- Born: Bedford, Bedfordshire, England
- Education: London College of Fashion, Norcross High School
- Occupations: Communications professional, podcaster, public figure, and writer
- Website: https://www.busybeingblack.com

= Josh Rivers =

English communications professional (born 1986)

Josh Rivers (born 1986) is a communications professional, podcaster, writer and public figure. He is the creator and host of the award-winning podcast Busy Being Black and the head of communications for UK Black Pride, Europe's largest pride celebration for LGBTQ people of colour. His writing has been published in Tenth Magazine, Black Youth Project, Huffington Post, El Champ, and Phoenix Magazine. In 2021, he starred in Just Like Me, a documentary celebrating queer people of colour for Visible Film Festival, from filmmaker Nelly Rodrigues.

==Career==
From 2009 to 2013, Rivers worked across front and house and membership for Soho House Group. In 2014, he was hired as part of the founding team of Second Home, a membership-led workspace in East London. He joined Gay Times as Marketing Manager in January 2017 and in October of that year, became the first Black editor in the magazine's 43-year history. From September 2018 to September 2019, he was the Director of Communications for BAME sexual health charity Naz Project London. As of November 2020, he is the communications manager for Kaleidoscope Trust, a UK-based charity working to uphold the human rights of LGBT+ people across the Commonwealth.

==Busy Being Black==
Rivers launched Busy Being Black in March 2018 as "a place where we bring ourselves, in our truest form, in order to inspire, motivate and educate our community."

In 2020, he received funding from Wellcome Trust and the British Podcast Awards Fund "to draw attention to the health inequalities and disparities experienced by queer Black people in the UK." The same year, he was awarded funding from the European Cultural Foundation to explore "queer Black solidarity across Europe during the COVID-19 crisis".

Busy Being Black was awarded Best Black LGBTQ Podcast at the 2021 Black Podcasting Awards.

==Controversy==
Rivers was hired by Gay Times as marketing manager in January 2017 and promoted to editor in October of that year. In November 2017, he was fired from Gay Times after Buzzfeed UK reported that he had used his Twitter account in the past for tweets which were variously homophobic, racist, transphobic, antisemitic and body-shaming.

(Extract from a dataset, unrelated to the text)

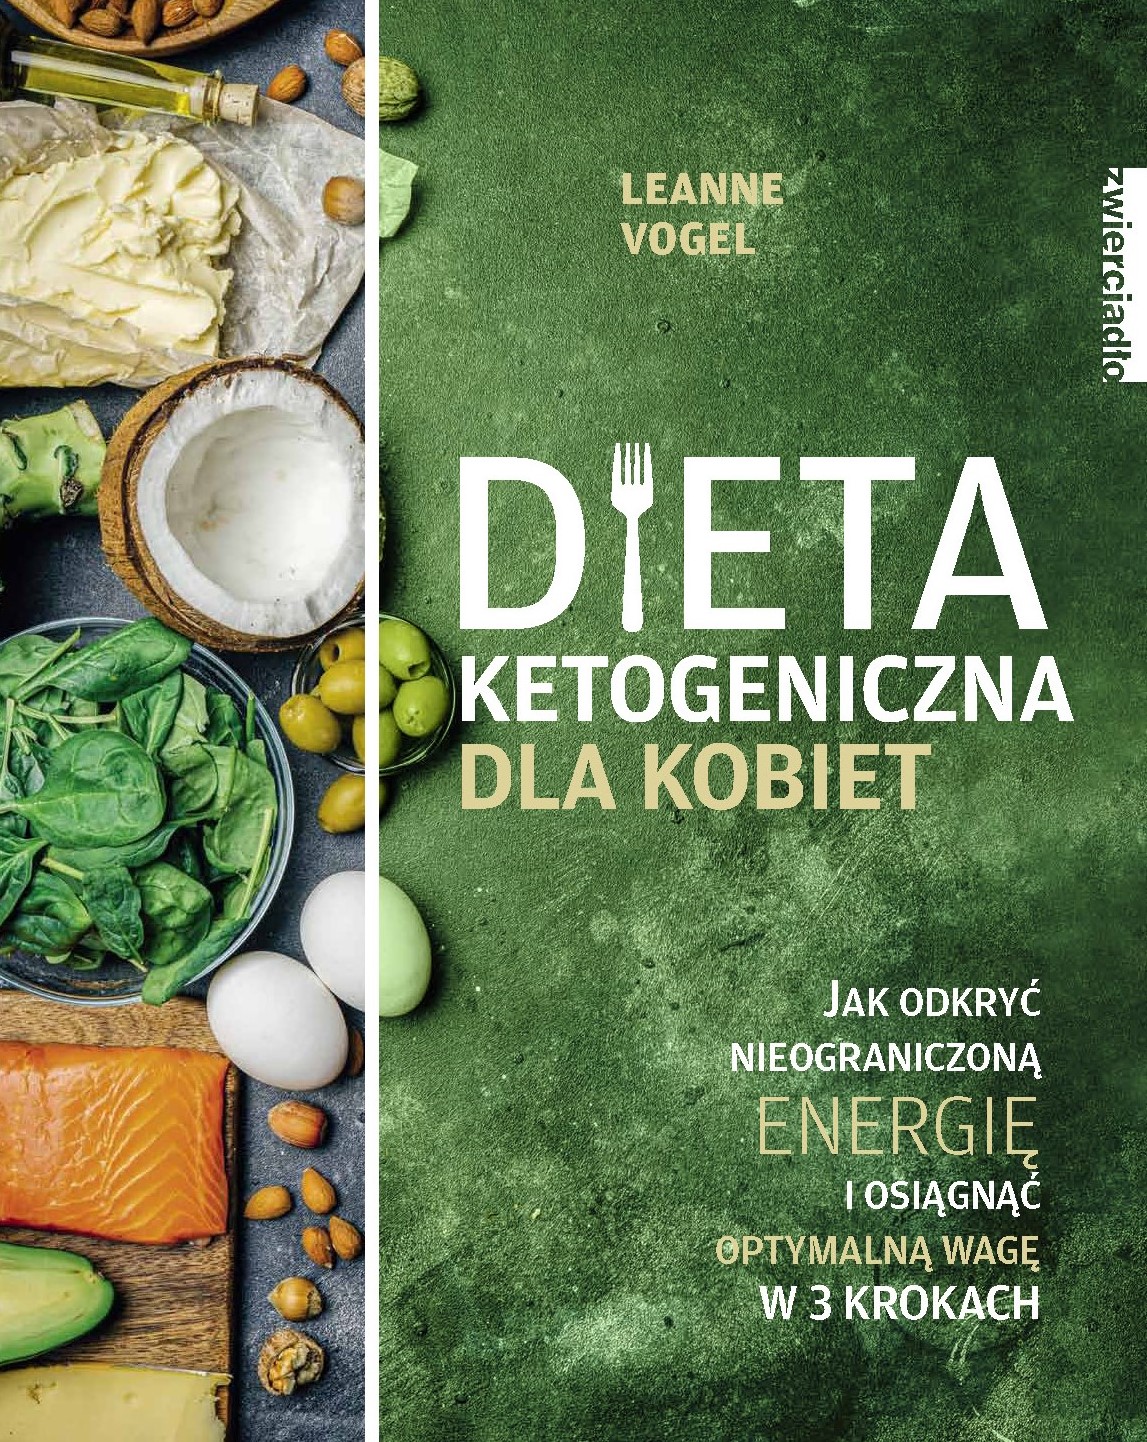 Dieta ketogeniczna dla kobiet Leanne Vogel Zwierciadlo.pl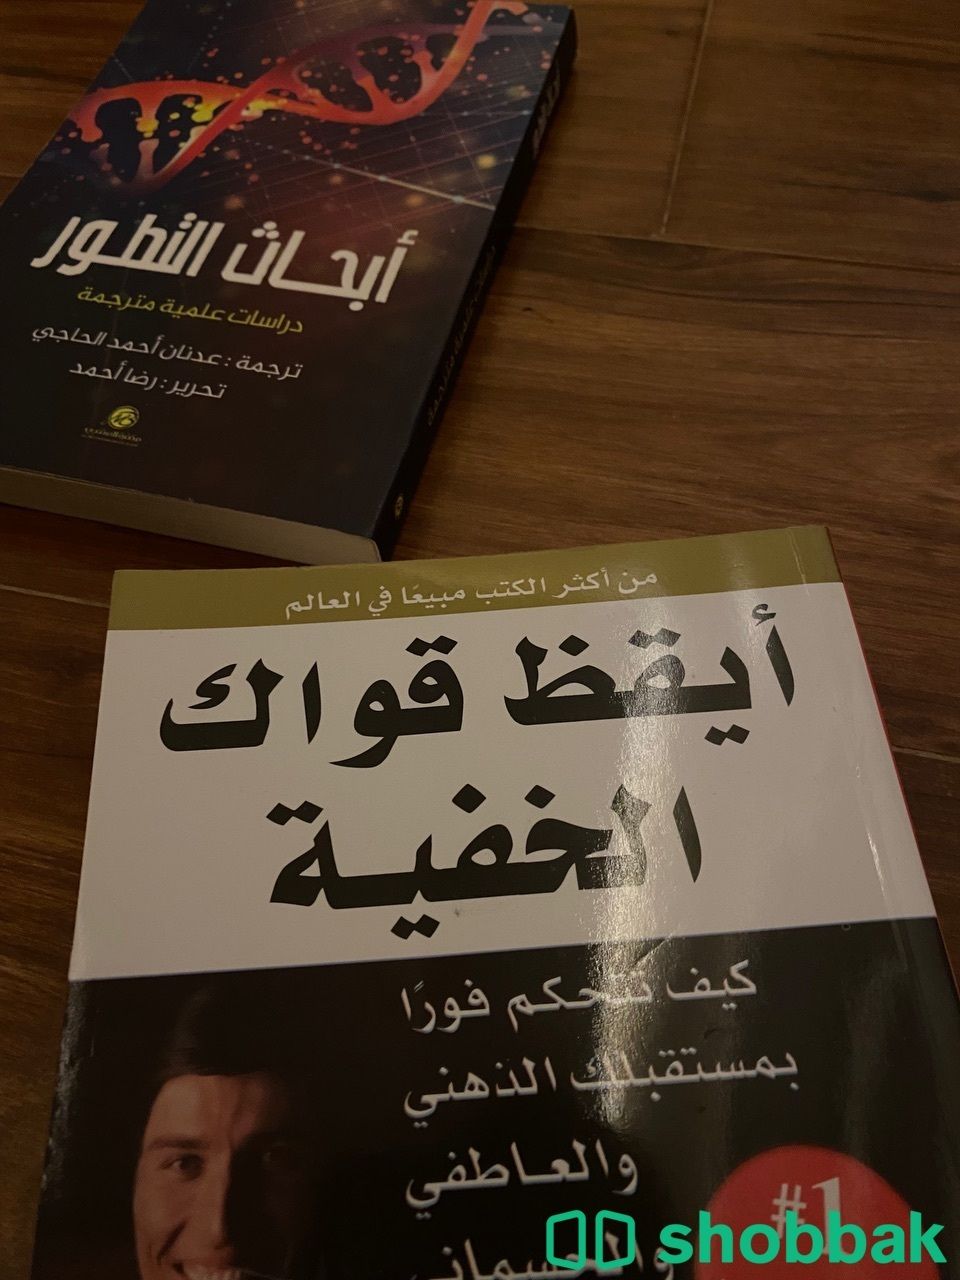 كتب جديده ونظيفه Shobbak Saudi Arabia

In September 2019, he was invited to speak at London Podcast Festival alongside Campbell X "to discuss his journey into audio, finding his confidence after such a public setback and the transformative impact of learning that we are not alone in our anger."

In October 2019, in an interview with Metro, Rivers said he "paid a dear price, but the right price, for [his] very public mistakes." He said "it's right that we speak up when someone makes a mistake. And the onus really is on the person who's made that mistake to go; 'I've really f***ed up, how can I make this better?'"

In June 2021, Gay Times invited Rivers onto the Media Watch podcast with political activist and whistleblower Shahmir Sanni to discuss cancel culture.